Menurut Manajer Pengolahan Susu KPBS Heri Hidayat, kapasitas mesin terpasang untuk pengolahan susu milik KPBS adalah sebesar 60 ton perhari. Namun saat ini baru mengolah 25 ton perhari. 
 
Hal ini menurut Heri disebabkan oleh semakin bekurangnya pasokan susu yang dikirim peternak, karena harga susu segar yang masij berkisar pada angka Rp 5.000,-/liter.
 
"Dengan mengolah susu yang dipasok per petani, KPBS bermaksud memberi nilai tambah pada produk susu, sehingga margin keuntungan susu pun bisa naik menjadi 5p%, dibanding dengan hanya menjual susu segar steril yang marginnya hanya 10%" ungkap Heri.
 
Saat ini, produk olahan susu KPBS, dipasarkan di daerah Jawa Barat dan DKI Jakarta. 
 
Kepada Ridwan Kamil, para pengurus KPBS dan peternak sapi mengharapkan agar Kang Emil, mengawal regulasi terkait stabilitas harga susu, jika ia terpilih sebagai gubernur.
 
Kang Emil pun berjanji saat terpilih sebagai gubernur, ia akan melakukan inovasi di bidang regulasi agar harga susu peternak bisa lebih tinggi. "Idealnya harga susu yang diterima peternak adalah sebesar Rp 6-7 ribu perliter.
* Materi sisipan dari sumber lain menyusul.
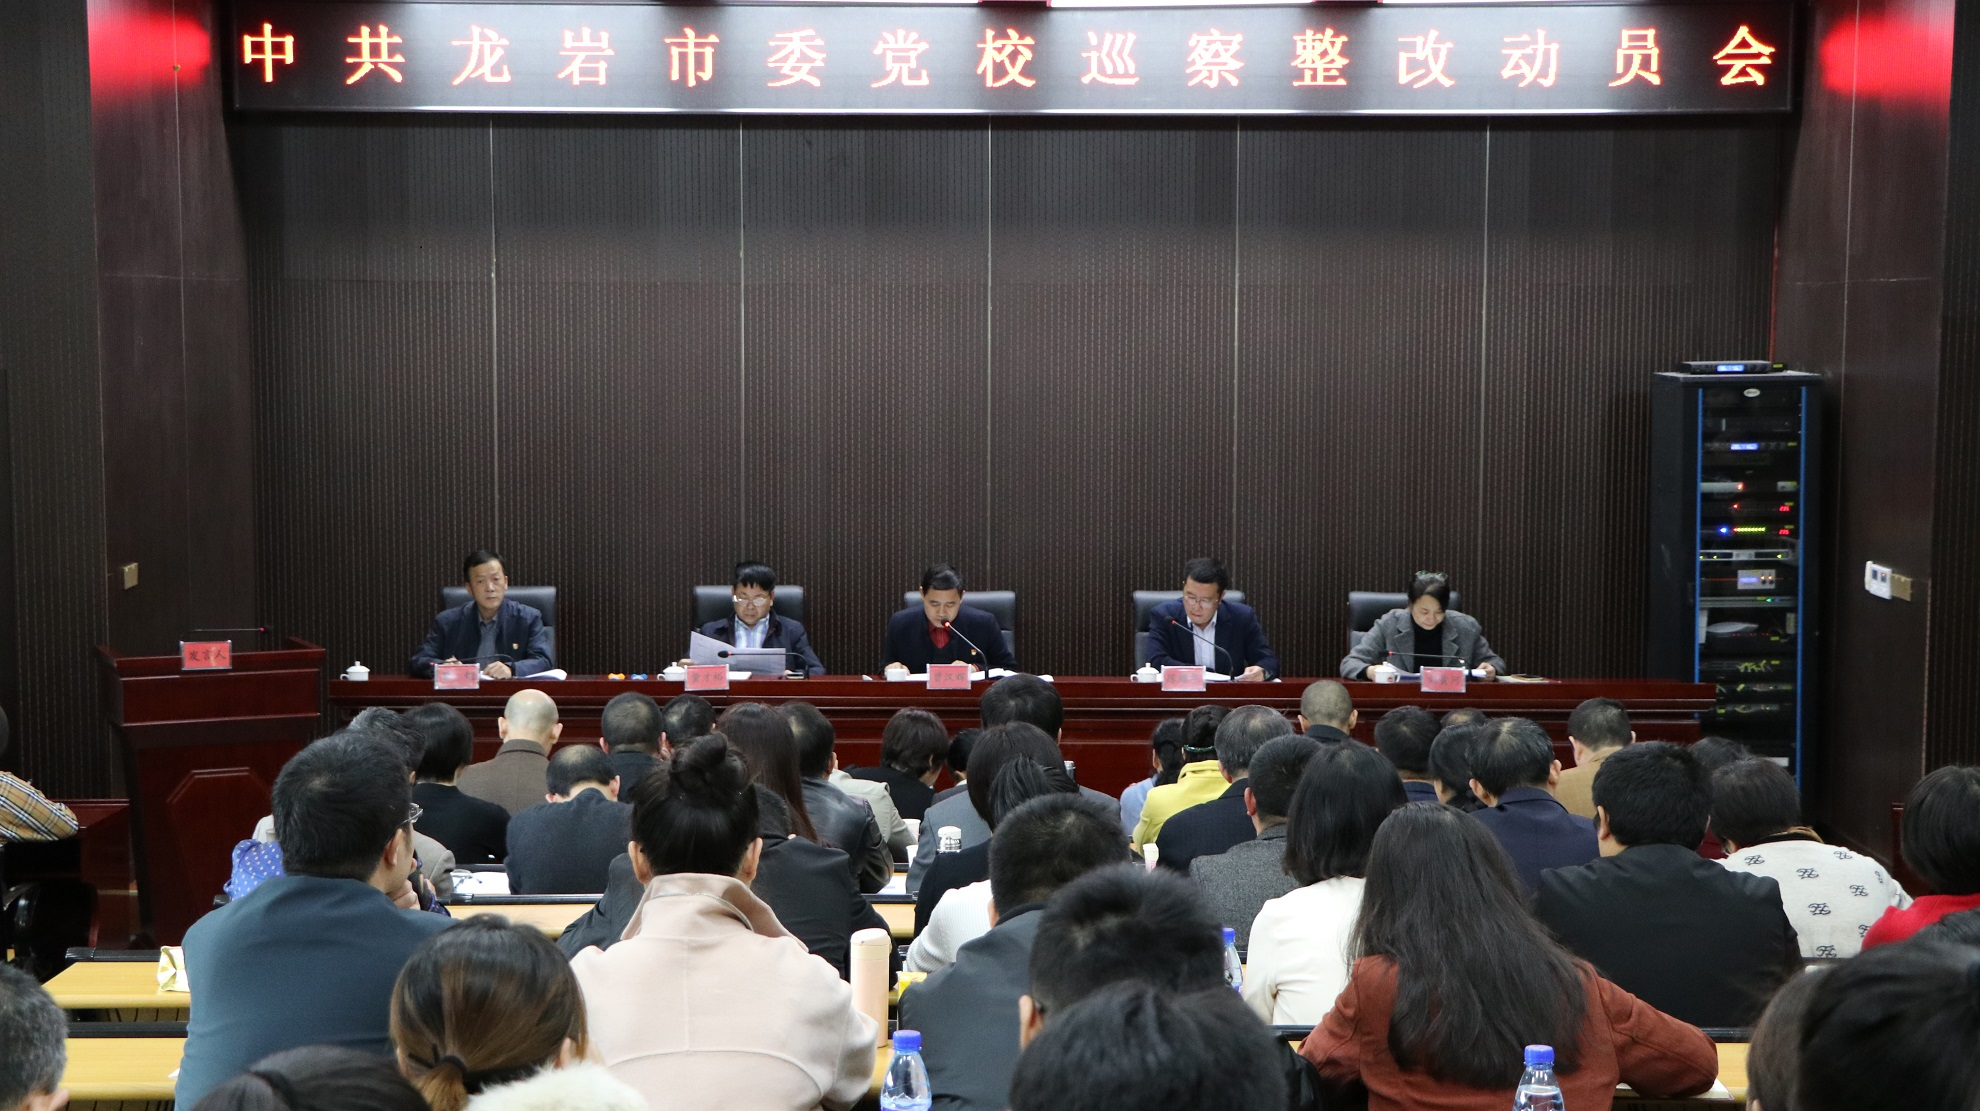 院校召开市委巡察反馈意见整改动员大会

Angka ini dapat meningkatkan kesejahteraan peternak," ungkapnya.
 
Selain itu, Kang Emil juga menawarkan model kerjasama dimana sapi disiapkan oleh perusahaan besar, namun pengelolaannya dilakukan oleh petani dengan skema bagi hasil. 
 
Meski demikian, skema ini harus didasarkan pada skala ekonomi dan dibangun berdasarkan konsep dan sistem pengelolaan yang jelas. "Jika petani dapat mengelola sapi perah hingga 10 ekor per peternak, insya allah ini akan mendatangkan pendapatan ke petani hingga Rp 8 juta perbulan, yang seharusnya bisa membuat peternak susu sejahtera," tegasnya. 
 
Menurut Heri, tiga kecamatan di kabupaten Bandung yaitu  Pangalengan, Pacet, dan Kertasari sebenarnya mampu menampung dan mengelola hingga 35 ribu ekor sapi. "Saat ini sapi yang diternak di tiga kecamatan tersebut masih sekitar 11 ribu ekor, jadi peluangnya masih terbuka," pungkasnya.


(Anugrah)



Redaksi menerima kiriman berita/video/foto amatir melalui email terbitonline[at]gmail.com , disertai dengan biodata lengkap. Kiriman Berita/video/foto akan melalui proses moderasi.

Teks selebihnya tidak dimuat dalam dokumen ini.